PROVIDED DATA
========================================

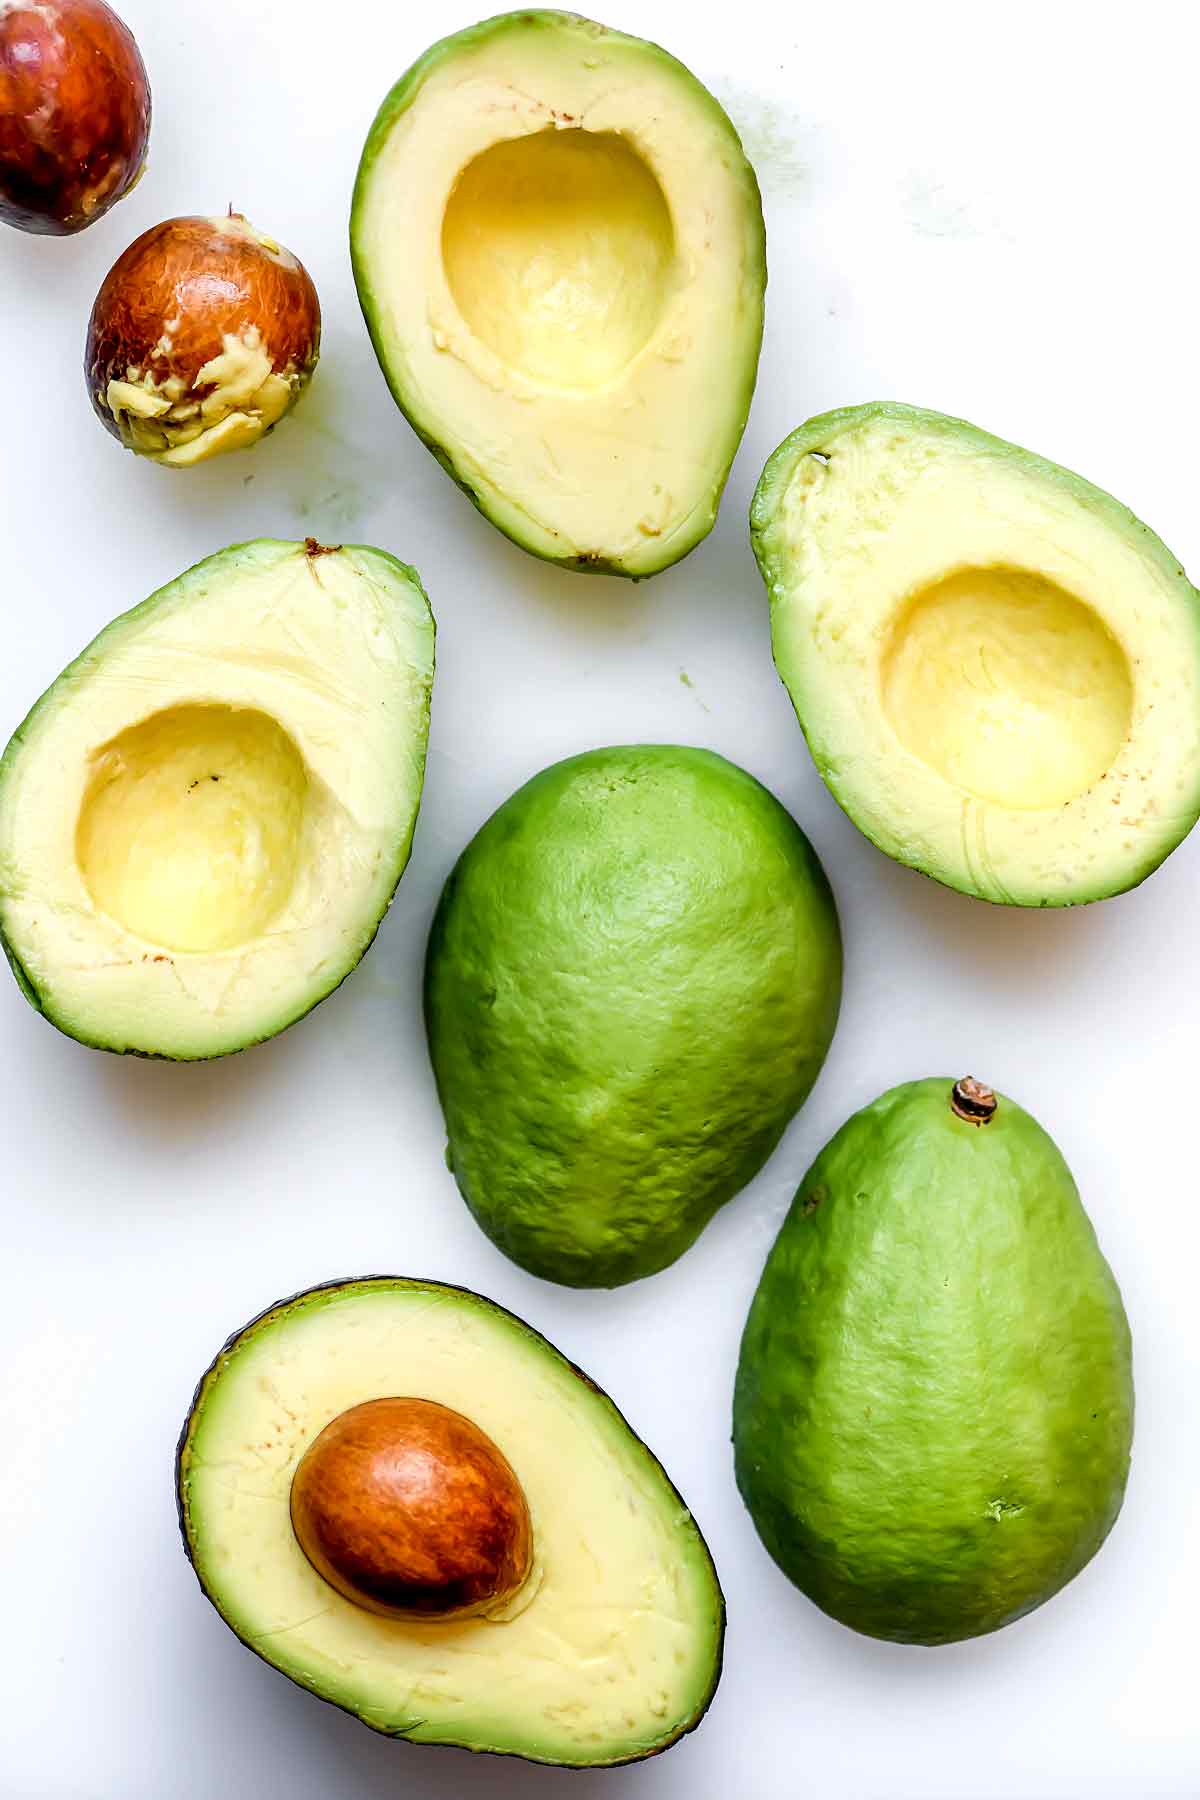 Avocado Tips - How to Prepare and Store Avocado
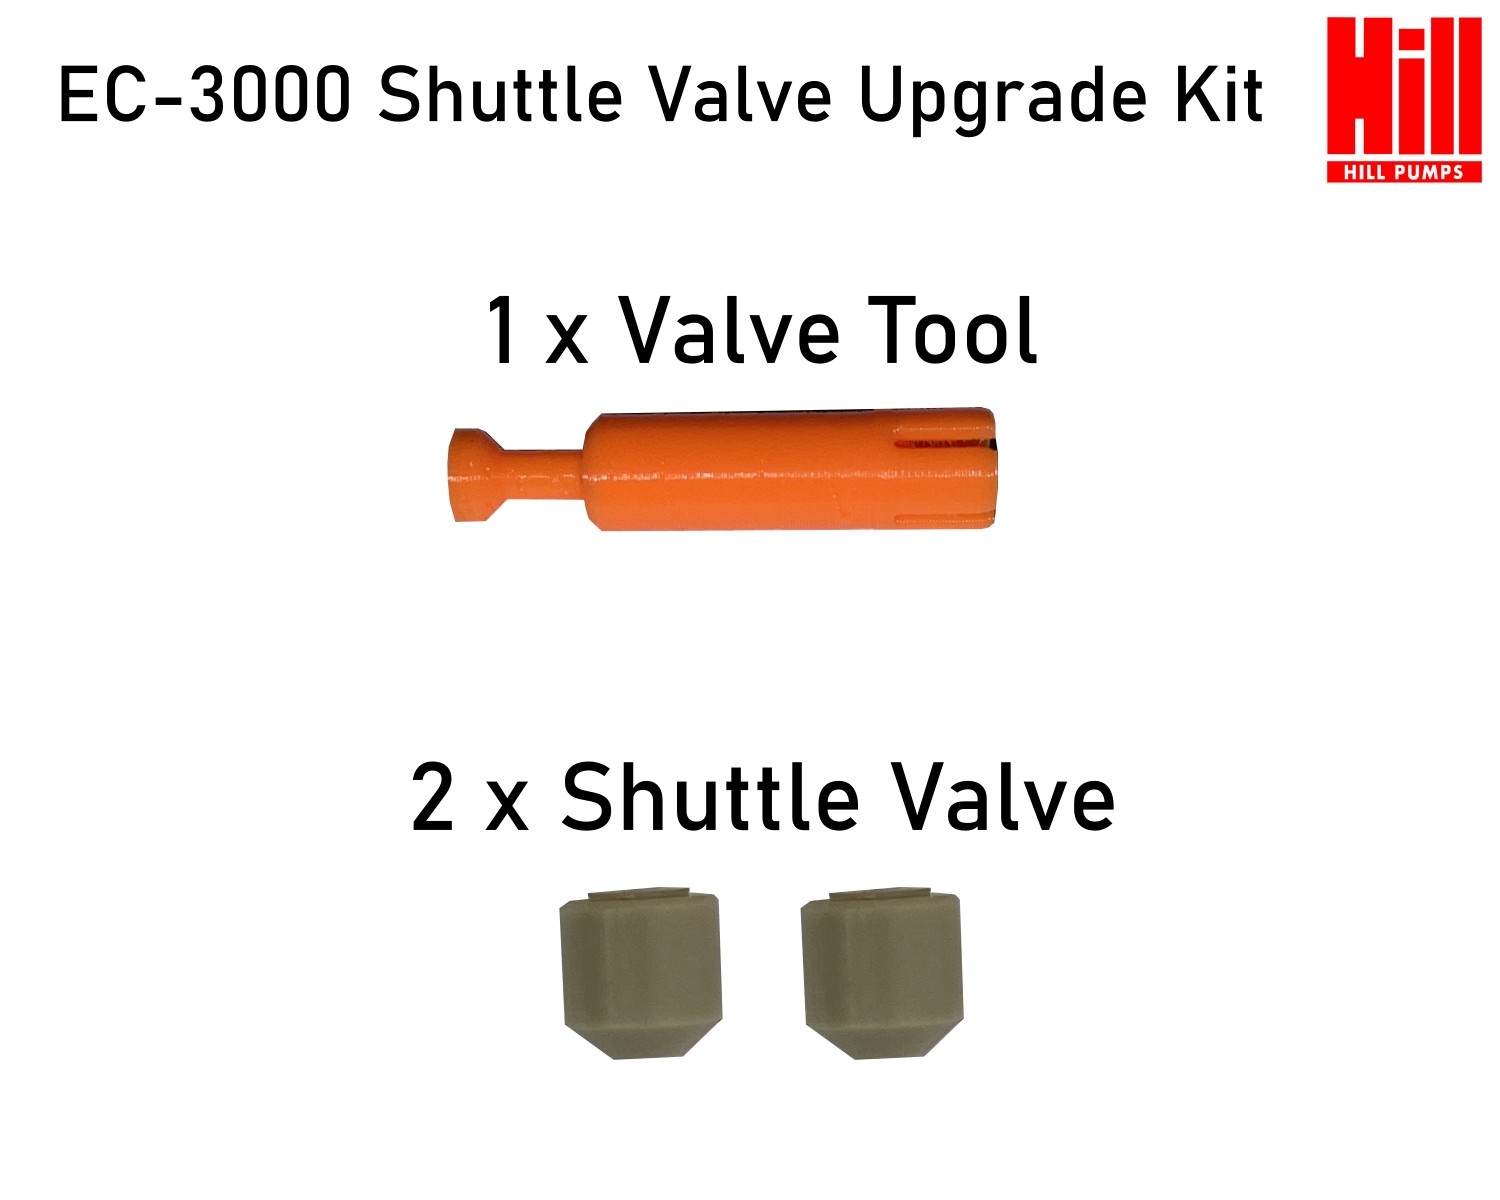 EC-3000 Shuttle Valve Upgrade Kit
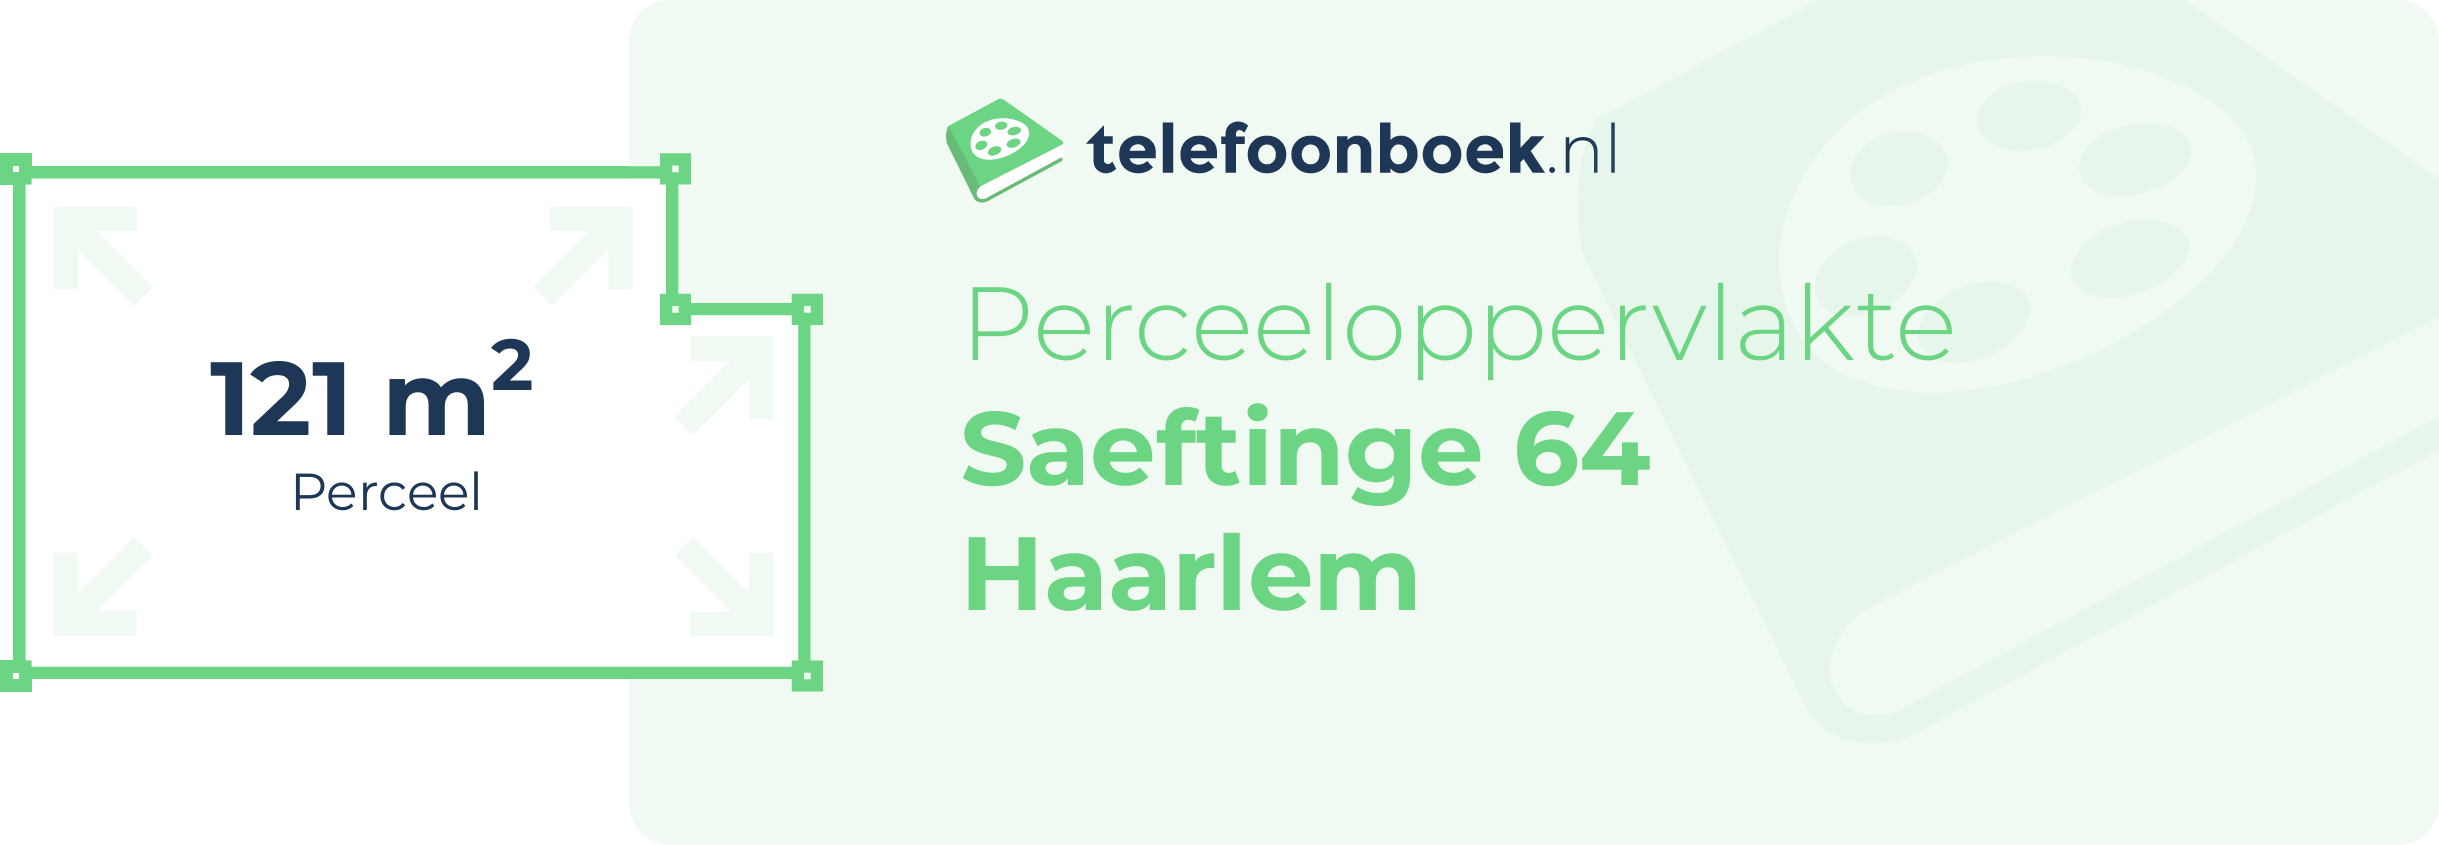 Perceeloppervlakte Saeftinge 64 Haarlem

========================================

EXERCISE GOAL
Return the data exactly as it stands, minus the pictures.

WRITTEN SOLUTION
 Avocado Tips - How to Prepare and Store Avocado
 EC-3000 Shuttle Valve Upgrade Kit
 Perceeloppervlakte Saeftinge 64 Haarlem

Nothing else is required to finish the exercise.